Also, Canyx, thats cheating lol


----------



## momtolabs (May 27, 2012)

Me and Tank,taken this summer. My hair is 6" shorter now. Yes the hair is natural and drives me insane!!


----------



## momtolabs (May 27, 2012)

MimiAzura said:


> am i the only person the doesn't have a photo with my dogs? :/
> this needs to change!!
> 
> Also, Canyx, thats cheating lol


The only reason I have some is because my cousin is becoming a photographer and uses me and the dogs as Guinea pigs,lol.


----------



## troglodytezzz (Oct 19, 2010)

Taken 2 days ago on a hike.


----------



## HollowHeaven (Feb 5, 2012)

Rescued said:


> so are dog people just girls?


Men don't deserve dogs.


----------



## CptJack (Jun 3, 2012)

HollowHeaven said:


> Men don't deserve dogs.


Actually, I'd be kind of curious about the results of a different kind of post - that I'm not going to get around to making tonight. People often say that the dogs are theirs, and that the spouse just lives with them. I wonder if that's a trend, here. Because while my husband likes the dogs, we have them because of me, and they're mostly My Problem.


----------



## SydTheSpaniel (Feb 12, 2011)

CptJack said:


> Actually, I'd be kind of curious about the results of a different kind of post - that I'm not going to get around to making tonight. People often say that the dogs are theirs, and that the spouse just lives with them. I wonder if that's a trend, here. Because while my husband likes the dogs, we have them because of me, and they're mostly My Problem.


That's pretty much with my husband and I too. Sydney was supposed to be both of ours, but it kind of just fell all on me. The new puppy will be primarily mine, but he insists that he gets a pug for our next dog. I told him if he gets his pug, it's all his!


----------



## sheltiemom (Mar 13, 2007)

Here's me with Ripley and Frosty. My husband is just as much a dog person as I am, probably more, but he's just not a forum person. The cats are another story, lol, they are definitely my cats and he is sort of indifferent to them.


----------



## CptJack (Jun 3, 2012)

sheltiemom said:


> The cats are another story, lol, they are definitely my cats and he is sort of indifferent to them.

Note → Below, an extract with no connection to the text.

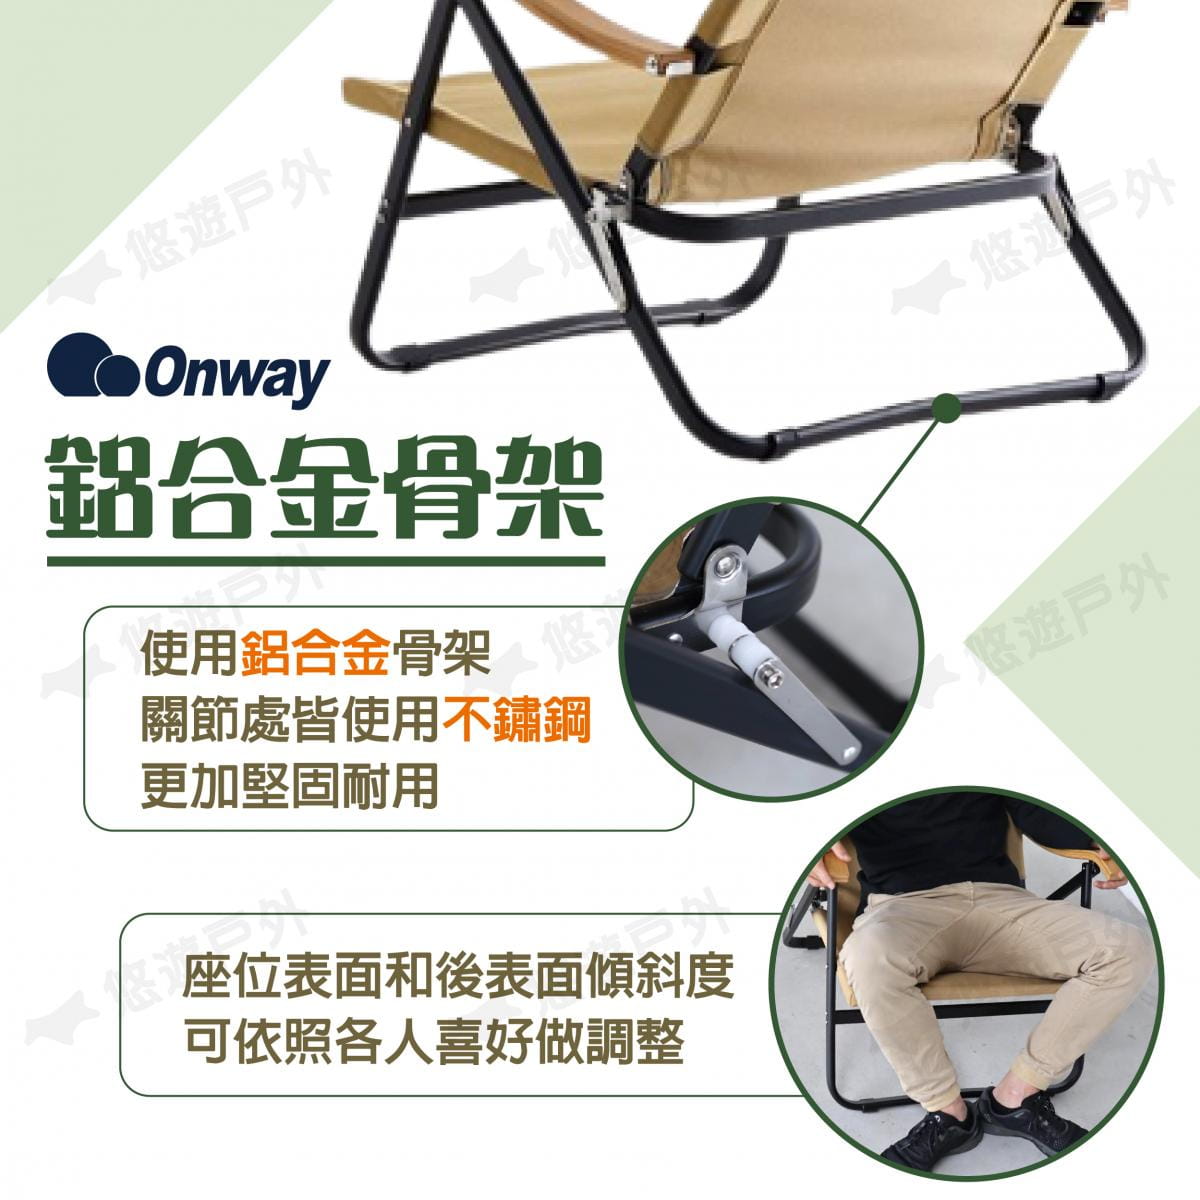 【ONWAY】舒適木質扶手低椅升級版 OW-61BD-BMPLUS (悠遊戶外) 2

In all fairness to my husband - The cats are HIS and I sort of exist with them. I'll feed them or clean up after them and I do love them, but I am so not the cat person.


----------



## Equinox (Nov 11, 2008)

Finkie_Mom said:


> Grace, you suck. You are too pretty. And adding in the handsome that is Trent is just unfair!


LOLWUT. This coming from one of the prettiest women, ever (in a totally noncreepy way)? I can't decide if you're being nice or just plain mean  <3



Rescued said:


> so are dog people just girls?


Now I'm feeling nostalgic, thinking of the days of Mr. Pooch.



troglodytezzz said:


> Taken 2 days ago on a hike.


This is an awesome picture! Good looking guy and dog.


----------



## GrinningDog (Mar 26, 2010)

I have very few halfway-decent pictures of me with Gyp. I'm, erm, an _abundantly expressive _person who tends to derp up any photos I'm in. Ha!



Gypsyance by grinningd0g, on Flickr

Crazy faces:

Gypsyance2 by grinningd0g, on Flickr

Someone was trying to take a picture of me falling asleep by the fireplace. Gypsy, well...: 
Gypsyphotobomb by grinningd0g, on Flickr

I have some adorable shots with my man and my dog that I'd LOVE to share, but I think it better I avoid posting pictures of him online without his knowledge. Hehe.

I really need someone to take some good photos of Gypsy and I. Otherwise, I'll someday regret not having any. Just like I regret having, like, no puppy pictures.


----------



## Canyx (Jul 1, 2011)

MimiAzura said:


> Also, Canyx, thats cheating lol


How's that cheating? I'm more 'WITH' my dog than any of you guys are!! 

But fine, here (don't say I didn't warn you):









Also, K&G you're very pretty and you and Gypsy have the same wonderful vibe, if that makes any sense. I have a weird sort of respect for people who are self confident enough to 'derp' up their photos. I try my very best never to make a straight face.


----------



## PatchworkRobot (Aug 24, 2010)

Pictres of myself with my dogs are so rare because I'm usually behind the lens!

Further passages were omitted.